According to a March 2019 report from the Solar Energy Industries Association (SEIA), the US solar market is expected to double over the next five years. The same report notes that there are now 62.4 gigawatts of installed solar capacity in the US. 

In Europe, Research and Markets reported that despite a drop in the solar market in 2016, the European solar PV industry recovered in 2017 adding 8.6 gigawatts of solar capacity and is expected to add 16.5 gigawatts by 2025.
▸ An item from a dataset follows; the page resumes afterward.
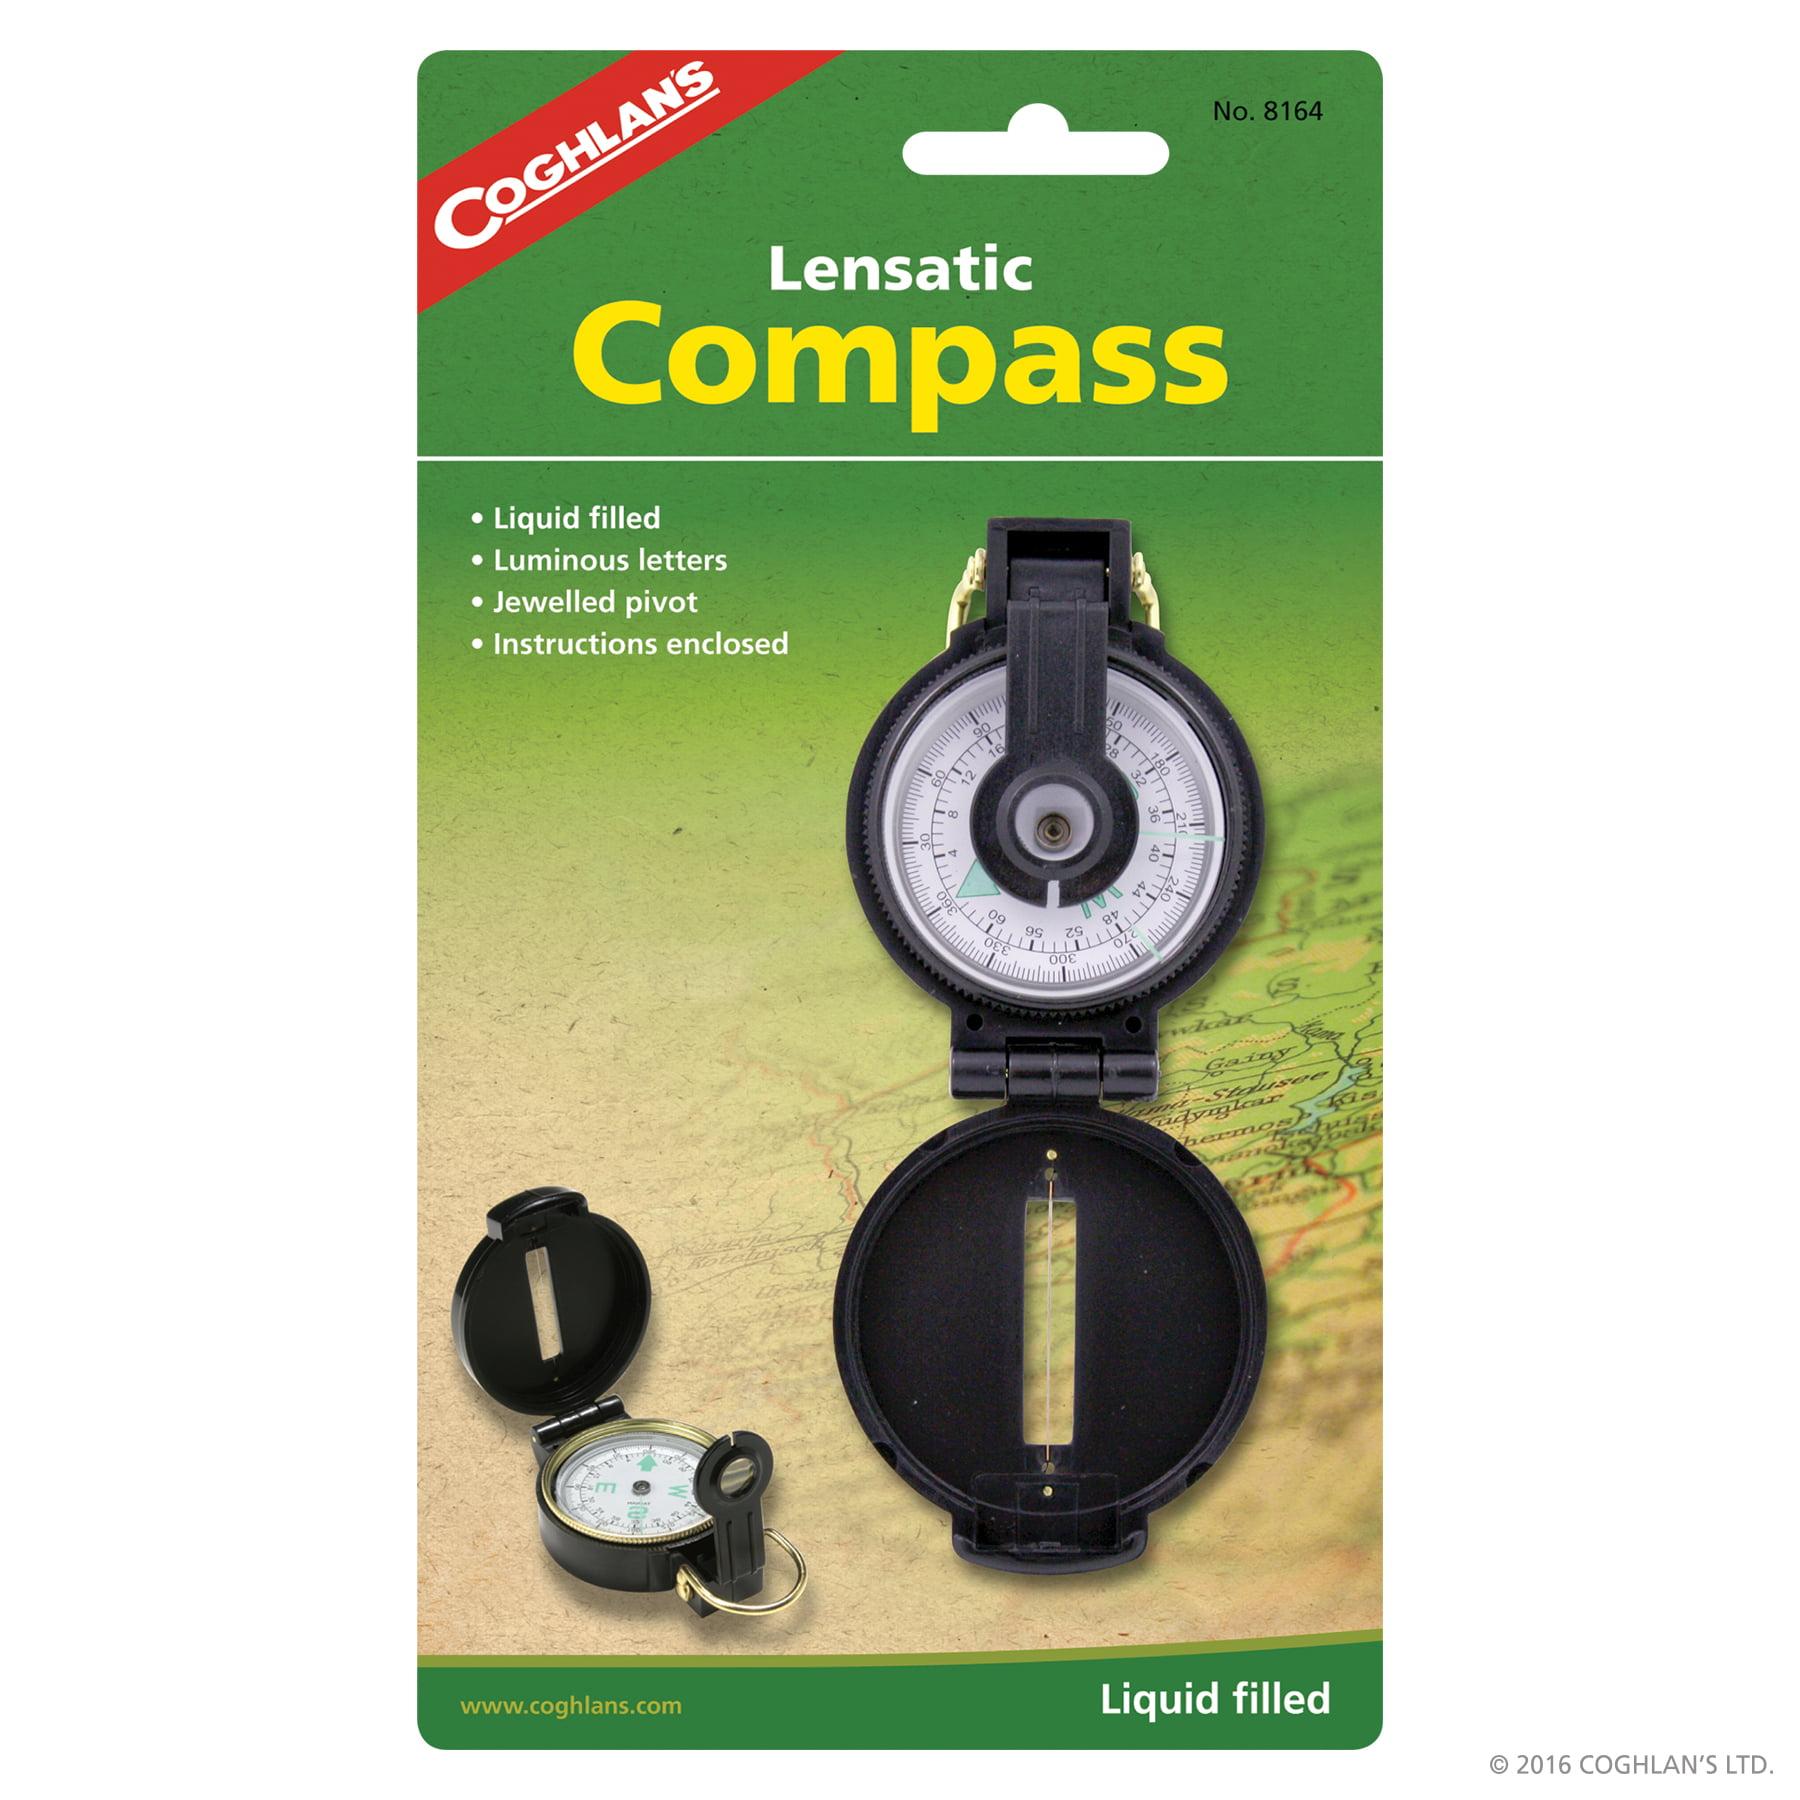 Coghlans Lensatic Compass by Coghlans

Mattias Josephson, CEO of Epishine, a Swedish cleantech company, says his company has made several roll-to-roll process breakthroughs which he believes is key to the tipping point to printing organic photovoltaic (OPV) cells. 

Josephson says a long-term goal for their solar cells are factories with manufacturing machines in the size and scale of newspaper presses where each machine can print solar cells on rolls equivalent to one nuclear reactor per month.

"This would accelerate the global shift from fossil fuels to green utility-scale energy plants. An ultra-light solar cell which eases transportation and makes areas such as deserts and even water - lakes, oceans, ponds - suitable places for solar energy," added Josephson.

"[..] If you add a scalable and cost-efficient manufacturing solution completely independent of both scarce, toxic and expensive raw-materials to the process, you get a picture of the breakthroughs we’ve made and think important," added Josephson.

Epishine is using organic electronics - conducting and semi-conducting hydro-carbon-molecules with no silicon or metal.  "Our active layer is based on polymers, which is long hydro-carbon-chains. Organic electronics is an [..] interesting emerging technology where the first application you’ve seen on the market is organic light emitting diodes (OLED) where ‘O’ stands for organic electronics."

Epishine's thin, flexible and semi-transparent printed solar cells could be a part of building materials that generate electricity in structures.

Josephson believes that in several years, Epishine's solar cells viable, affordable building-integrated solar cells for a variety of building materials.

"With exponential global challenges  - such as exponentially increased energy demand - we expose the environment and the climate to great risks," said Josephson. "In addition to healthier consumption and circular solutions, we need new energy systems that can scale quickly enough and incentives to switch to these."

"The best of both new energy systems and powerful incentive systems are probably found in new innovation - which is also developing exponentially. For example, innovation can be found in new materials like our solar cells and in blockchains for safe incentive solutions," adds Josephson.

Today, the company is harvesting light and produces light energy harvesting modules that use indoor lighting to create energy to support low power devices currently powered by batteries.

Epishine has a €2.8M grant from the Swedish Energy Agency, Knut & Alice Wallenberg, Vinnova, Climate-KIC and several other angel investors. They also have €1.6M ($1.3M) in funding from ALMI GreenTech Invest, Potential Invest, Lars Björk, Linköping University, Chalmers Ventures and a group of local business angels.